With plenty of private equity looking to acquire companies, Arizona business owners can negotiate a deal from a position of strength. Thorpe mentions that she has multiple clients that are either on the buying end or are being purchased.

It’s a good time to sell, so long as the time is right for all stakeholders, according to Nowaczyk.

“What we’re seeing now is that owners are exiting the business because their valuation meets their expectation level or because it’s just the right the right time for them personally,” she says. “You have to realize that business owners generally only get one shot at this — and for most, the company represents their life’s work. A lot of people feel like now’s the right time.”

Shapiro echoes Nowaczyk’s sentiment: “There are lots of lenders looking to finance transactions and interest rates are still relatively low. There’s also an abundance of prospective buyers out there — whether you’re talking about private equity or strategic corporate buyers — looking to acquire smaller companies, where there might be synergistic value,” he says.

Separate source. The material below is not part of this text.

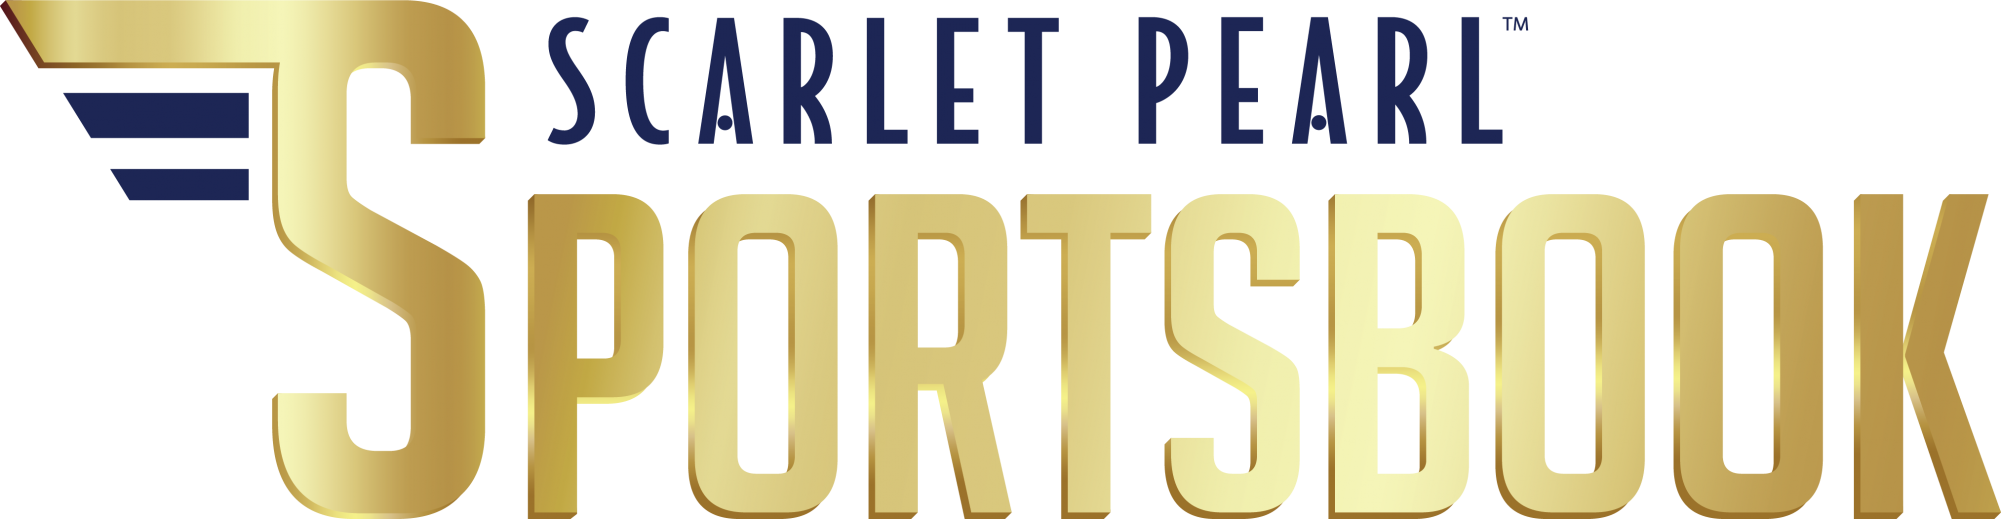 Scarlet Pearl Sportsbook at Scarlet Pearl Casino Resort in D'Ibeville near Biloxi

This doesn’t mean that every company will immediately be bought up should the owner choose to sell. An investor sees the acquisition of a business as an asset, and he or she will take time to evaluate their options.

“When you talk about money in private equity, those people are professional buyers. I was talking to a gentleman who runs a private equity company recently, and he said they look at 500 or 600 deals a year and close on three or four,” Afinowich explains. “My job is as much a matchmaker as it is a salesman — trying to find the right buyer to match with the right seller.”

Companies that are prime candidates to sell have certain characteristics that every buyer looks for. Afinowich notes that risk tolerances vary, and businesses with solid fundamentals and predictable earnings often get more offers.

“We typically go to market without a price on a business and run a gentlemanly auction process with buyers competing against each other. When they know there’s competition, they often pay substantially more,” he says.

A recent deal Afinowich worked on received bids ranging from $12 million to $18 million, with the latter amount winding up as the sale price. The owner mentioned that without a professional broker, he would’ve taken the initial $12 million offer, but instead secured a 50% increase.

Afinowich concludes that owners need to make preparations before looking for buyers. “It’s kind of like getting a house ready to sell,” he says. “You put a fresh coat of paint on it and clean it up.”